Home » Mailing lists » Devel » [PATCH 0/3] IPv6 start/stop problems
[PATCH 0/3] IPv6 start/stop problems [message #28445] Tue, 18 March 2008 14:32 Go to next message
den is currently offline  den
Messages: 494
Registered: December 2005
Senior Member
Hello, Dave!

We have faced a several problems with IPv6 start/stop on 2.6.18 RHEL5
kernel in OpenVz. The code in the 2.6.25 does not differ from 2.6.18 in
respect to this.

Regards,
	Den

_______________________________________________
Containers mailing list
Containers@lists.linux-foundation.org
https://lists.linux-foundation.org/mailman/listinfo/containers
[PATCH 3/3] [IPV6]: Fix refcounting for anycast dst entries. [message #28446 is a reply to message #28445] Tue, 18 March 2008 14:35 Go to previous messageGo to next message
den is currently offline  den
Messages: 494
Registered: December 2005
Senior Member
Anycast DST entries allocated inside ipv6_dev_ac_inc are leaked when
network device is stopped without removing IPv6 addresses from it. The
bug has been observed in the reality on 2.6.18-rhel5 kernel.

In the above case addrconf_ifdown marks all entries as obsolete and
ip6_del_rt called from __ipv6_dev_ac_dec returns ENOENT. The referrence is
not dropped.

The fix is simple. DST entry should not keep referrence when stored in the
FIB6 tree.

Signed-off-by: Denis V. Lunev <den@openvz.org>
---
 net/ipv6/anycast.c |    9 ++-------
 1 files changed, 2 insertions(+), 7 deletions(-)

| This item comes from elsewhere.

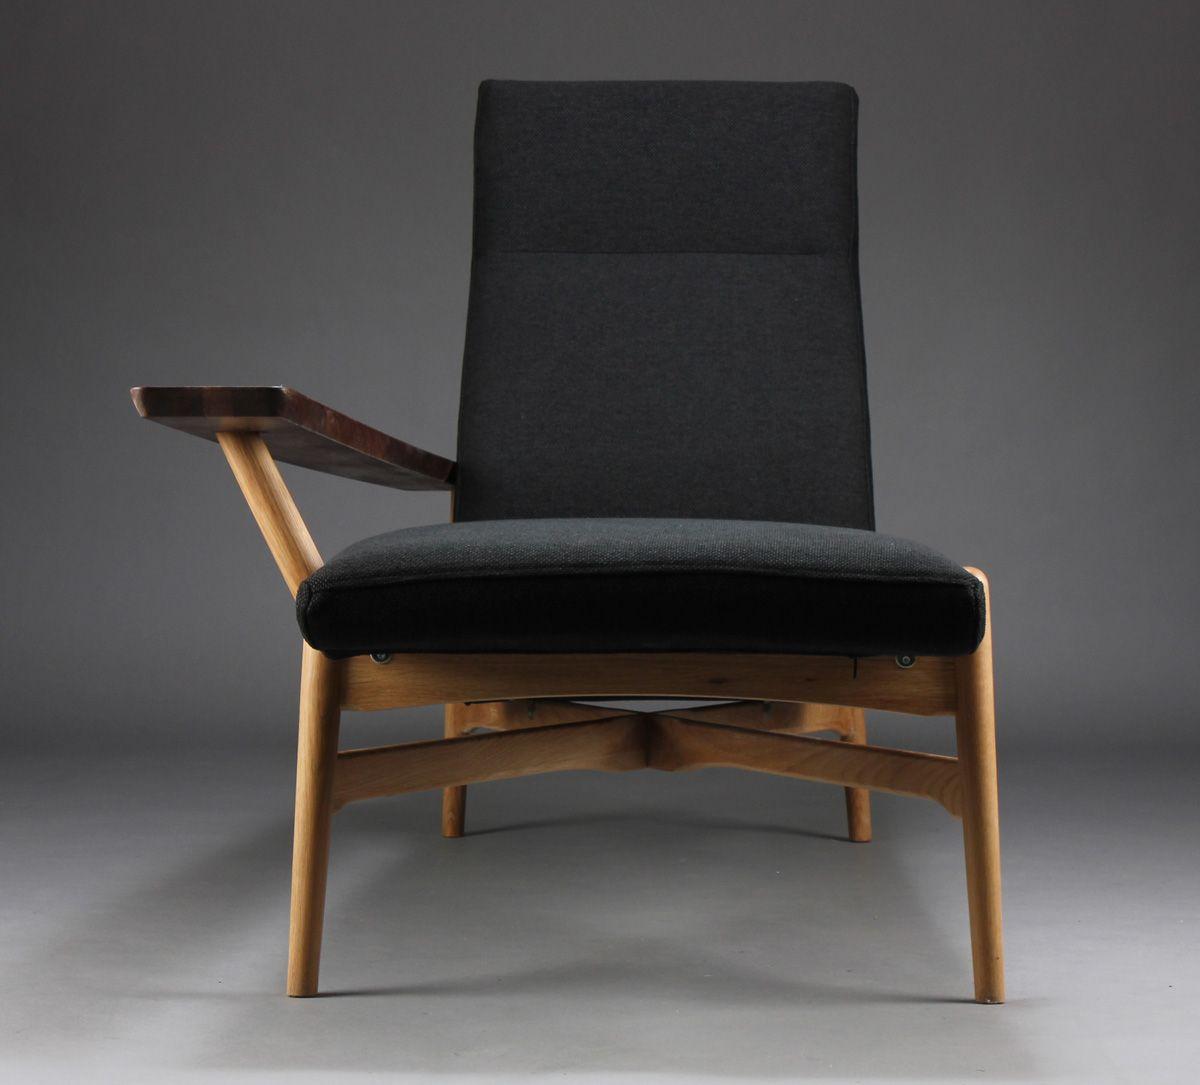 Chaise longueeasy chair crosslegged base oak and

diff --git a/net/ipv6/anycast.c b/net/ipv6/anycast.c
index 96868b9..7bc0469 100644
--- a/net/ipv6/anycast.c
+++ b/net/ipv6/anycast.c
@@ -334,9 +334,7 @@ int ipv6_dev_ac_inc(struct net_device *dev, struct in6_addr *addr)
 	idev->ac_list = aca;
 	write_unlock_bh(&idev->lock);
 
-	dst_hold(&rt->u.dst);
-	if (ip6_ins_rt(rt))
-		dst_release(&rt->u.dst);
+	ip6_ins_rt(rt);
 
 	addrconf_join_solict(dev, &aca->aca_addr);
 
@@ -378,10 +376,7 @@ int __ipv6_dev_ac_dec(struct inet6_dev *idev, struct in6_addr *addr)
 	addrconf_leave_solict(idev, &aca->aca_addr);
 
 	dst_hold(&aca->aca_rt->u.dst);
-	if (ip6_del_rt(aca->aca_rt))
-		dst_free(&aca->aca_rt->u.dst);
-	else
-		dst_release(&aca->aca_rt->u.dst);
+	ip6_del_rt(aca->aca_rt);
 
 	aca_put(aca);
 	return 0;
-- 
1.5.3.rc5

_______________________________________________
Containers mailing list
Containers@lists.linux-foundation.org
https://lists.linux-foundation.org/mailman/listinfo/containers
[PATCH 1/3] [IPV6]: Event type in addrconf_ifdown is mis-used. [message #28447 is a reply to message #28445] Tue, 18 March 2008 14:35 Go to previous messageGo to next message
den is currently offline  den
Messages: 494
Registered: December 2005
Senior Member
addrconf_ifdown is broken in respect to the usage of how parameter. This
function is called with (event != NETDEV_DOWN) and (2) on the IPv6 stop.
It the latter case inet6_dev from loopback device should be destroyed.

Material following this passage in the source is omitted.